Giants like Walmart (NYSE:WMT) (-2.2%), Apple (NASDAQ:AAPL) (1.5%) and Microsoft (NASDAQ:MSFT) (-1.1%) all played their part in dragging the indexes lower.

The Dow dropped 291 points or 0.8% despite being up 123 points earlier in the day, while the Nasdaq dipped 158 points or 1.2%.

European markets and commodities

European markets followed the US’s lead, falling in the face of a raft of worse-than-expected earnings reports and rising bond yields, which could keep inflation humming along for longer.

Those fears were strengthened by Norway's central bank, Norges Bank, voting to increase its key policy rate by 25 basis points to a flat 4.00%.

A big 39% collapse in Dutch payments processor Adyen (on the back of missed half-year earnings estimates) dragged the industrials index, and thus the markets, down.
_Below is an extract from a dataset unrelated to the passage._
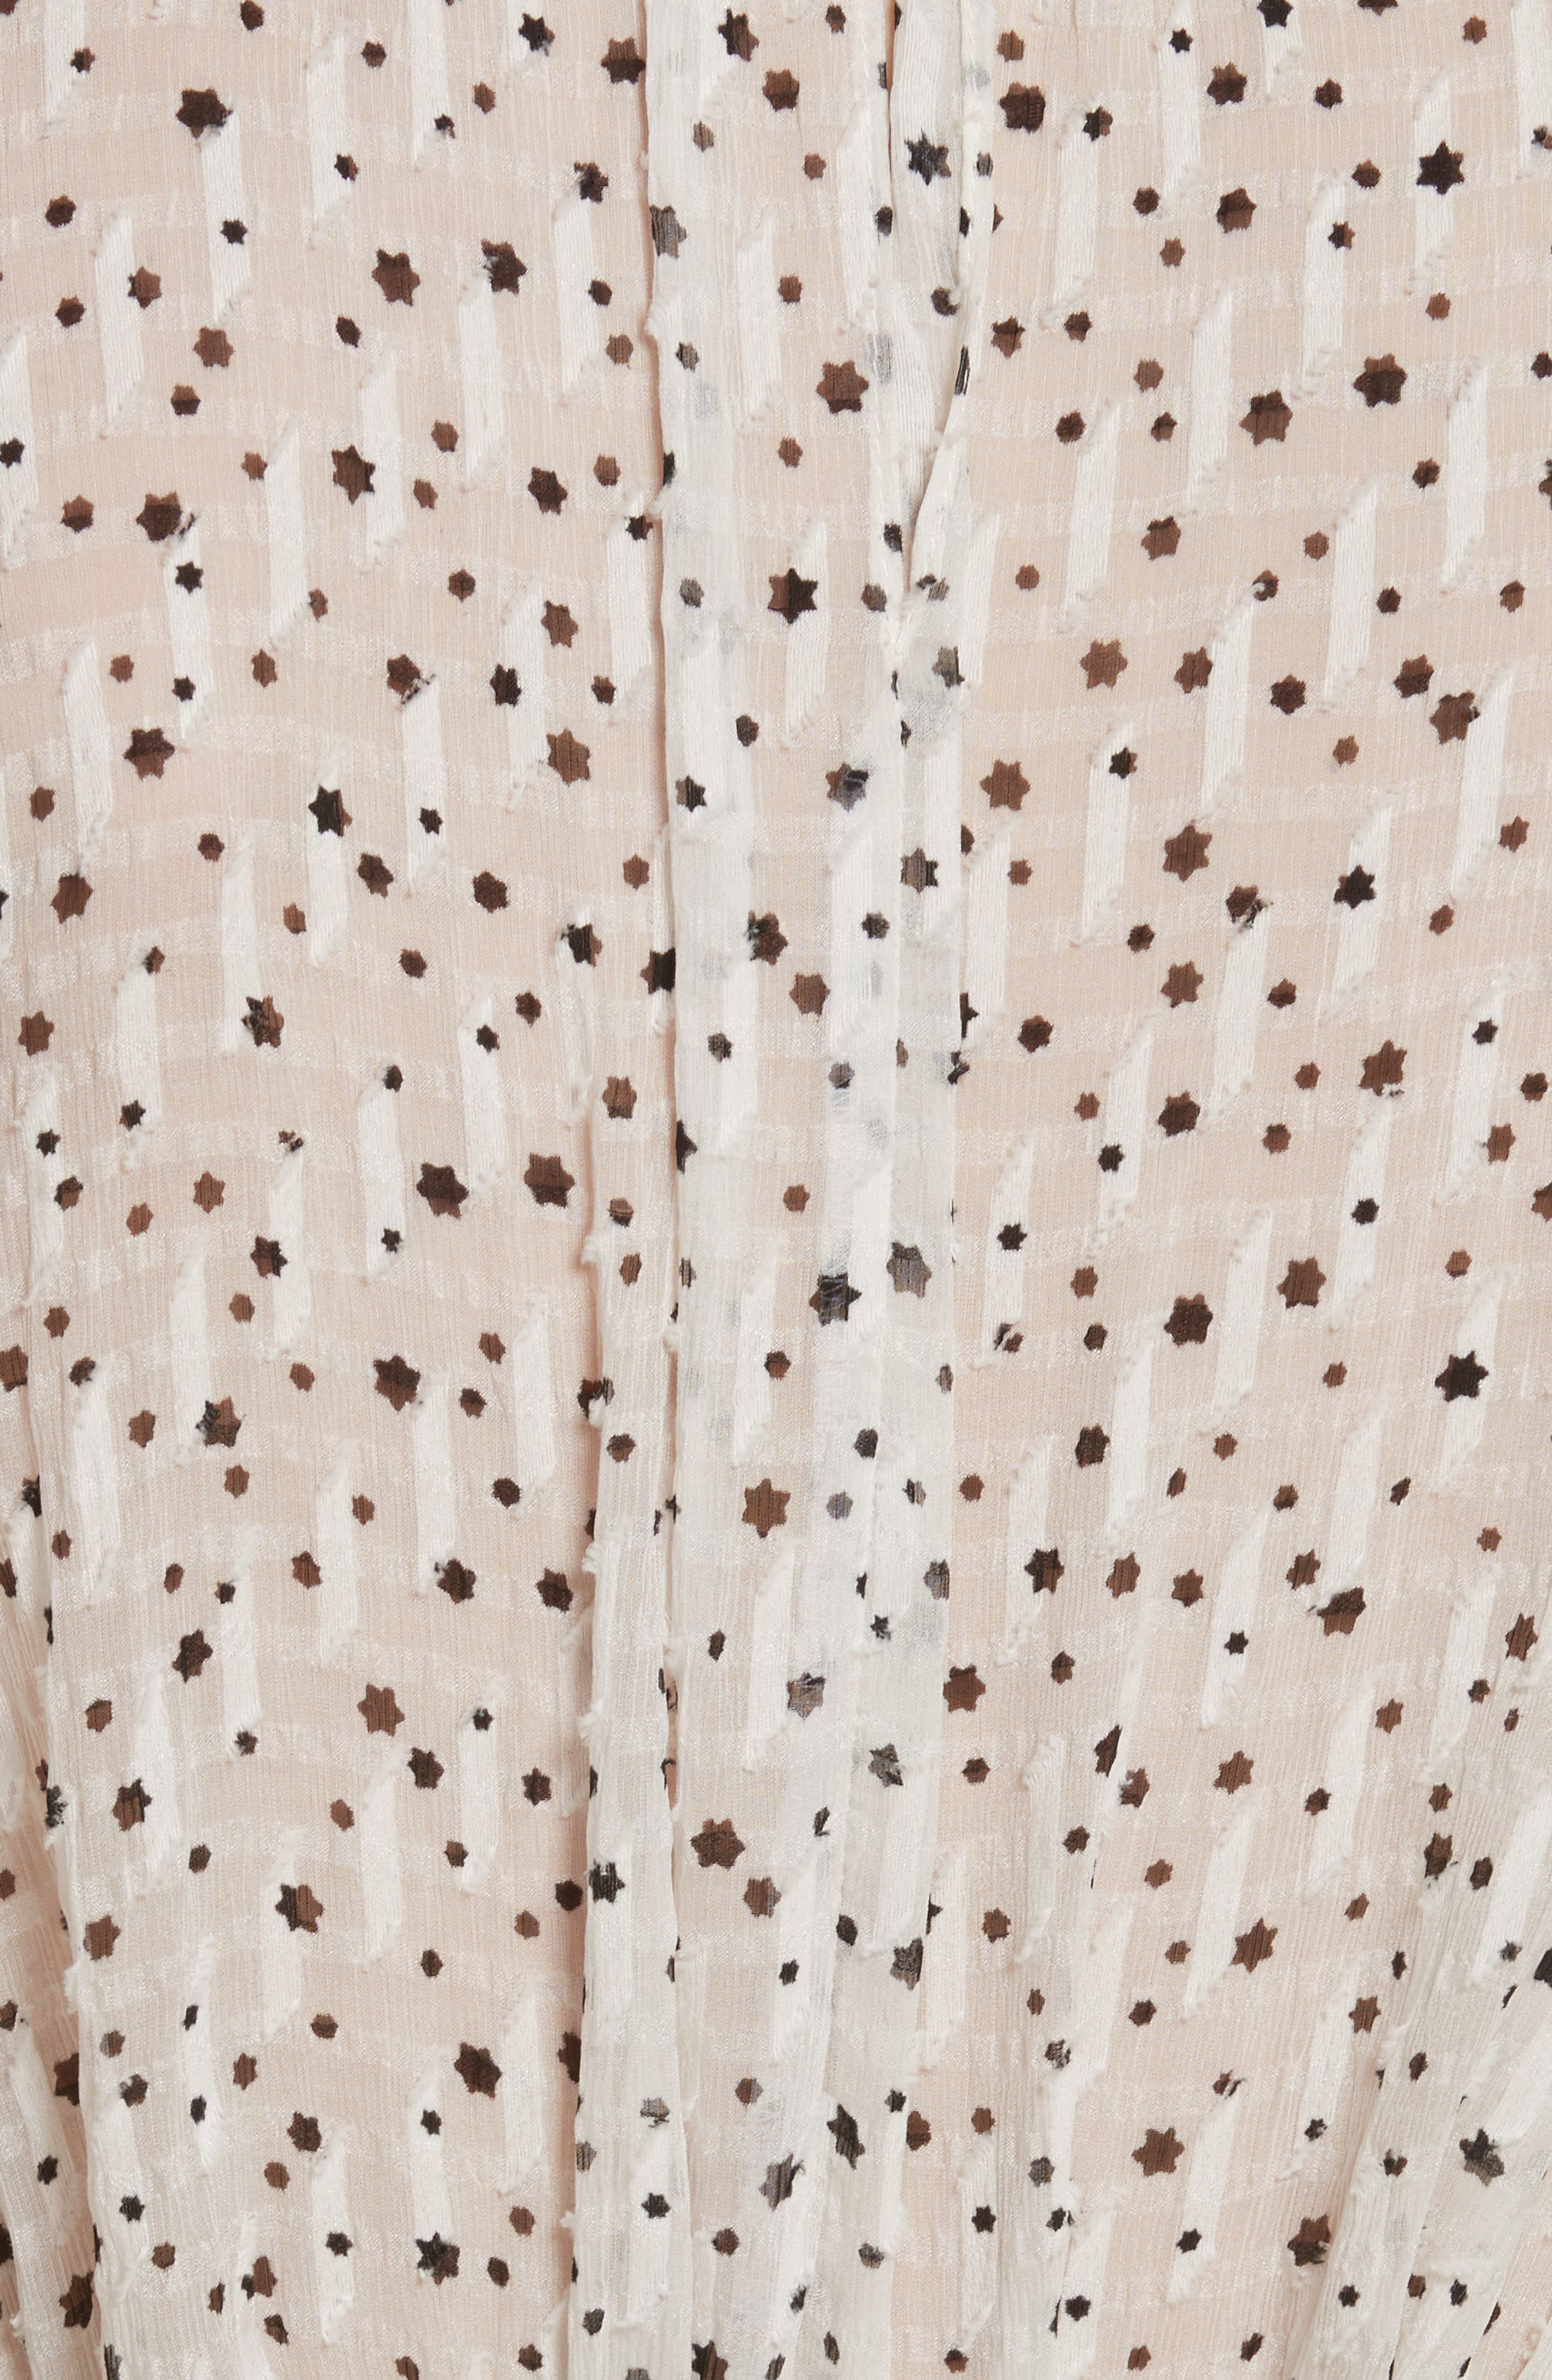 Star Tie Silk Blend Blouse,                             Alternate thumbnail 5, color,                             103

The industrials index fell 2.8%, the FTSEurofirst 300 index lost 0.9% and the UK FTSE100 fell by 0.6%.

Currencies were mixed against the US dollar.

  • The Euro fell from to US$1.0855 and was near US$1.0870 at the US close.
  • The Aussie lifted to US$0.6449 cents and was near US$0.6400 cents at the US close.
  • The Japanese yen firmed to JPY145.62 and was near JPY145.80 at the US close.
Global oil prices rose yesterday after falling for three straight sessions, responding to the Chinese Central Bank’s stimulus measures.
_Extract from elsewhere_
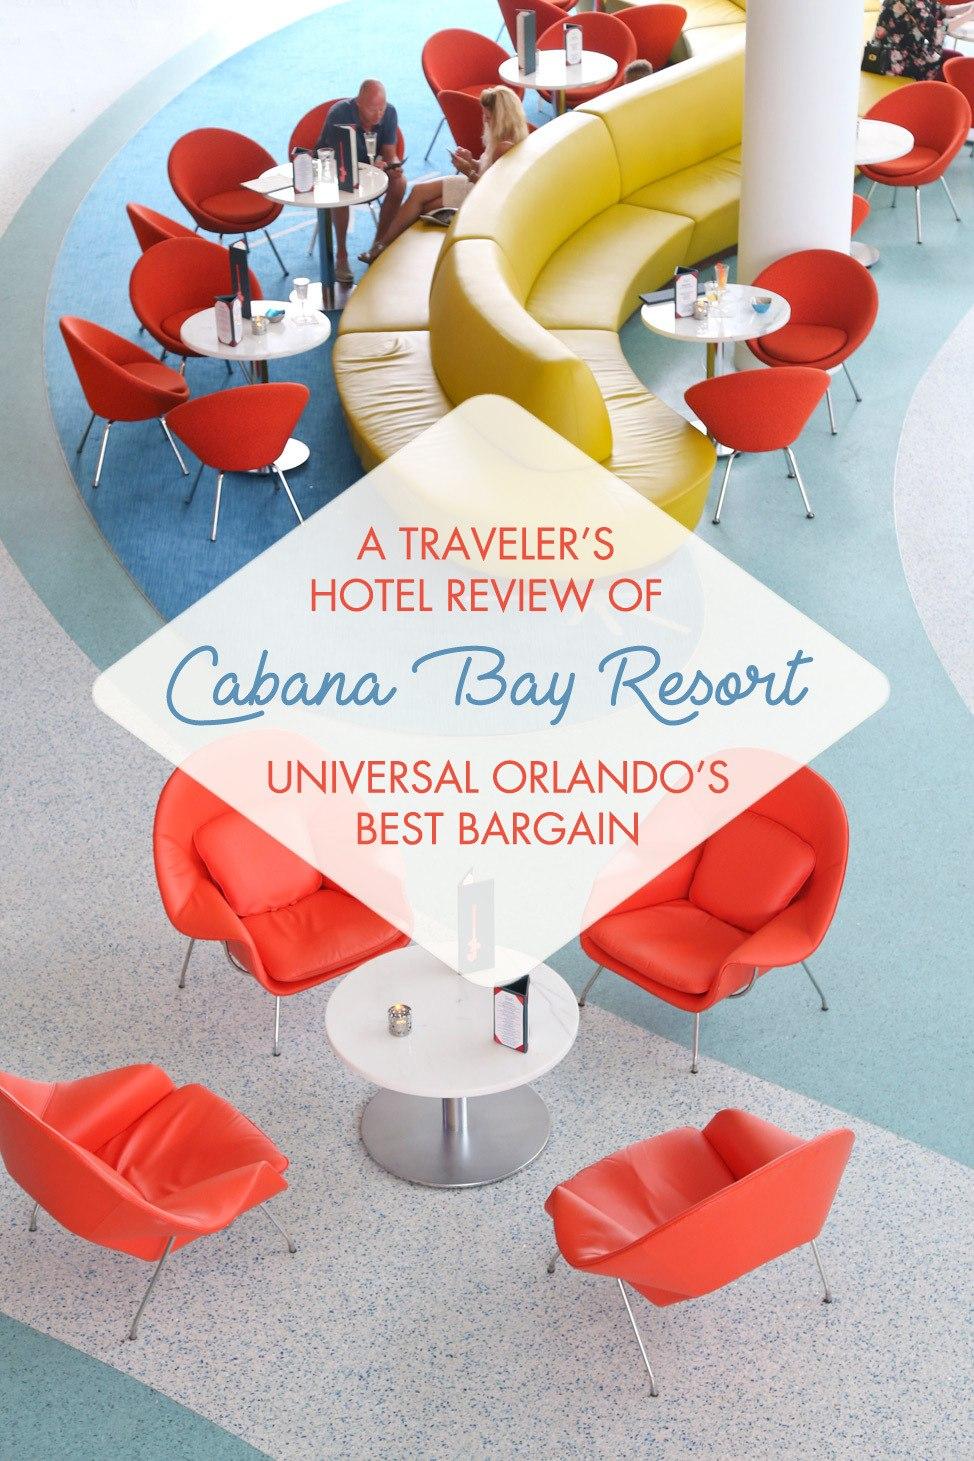 Cabana Bay Beach Resort • Universal Orlando's best value hotel

Brent rose by US$0.67 or 0.8% to US$84.12 a barrel, US Nymex by US$1.01 or 1.3% to US$80.39 a barrel.

“WTI Crude Oil closed higher at $80.12 (0.93%) snapping a three-day losing streak,” Sycamore said.

“Nonetheless, following its retreat below $80.00 this week, the recent pop above $84.00 has been exposed as a false break higher, and we look for crude oil to rotate back towards the middle of its nine-month range $76.00 area in the weeks ahead.”

Base metals rose, with copper futures up 0.9% and aluminium futures rising 0.8% - iron ore also enjoyed a boost, rising by US$0.83 or 0.8% to US$105.64 a tonne.

Gold fell as economic indicators begin to normalise, shedding US$13.10 or 0.7% to US$1,915.20 an ounce.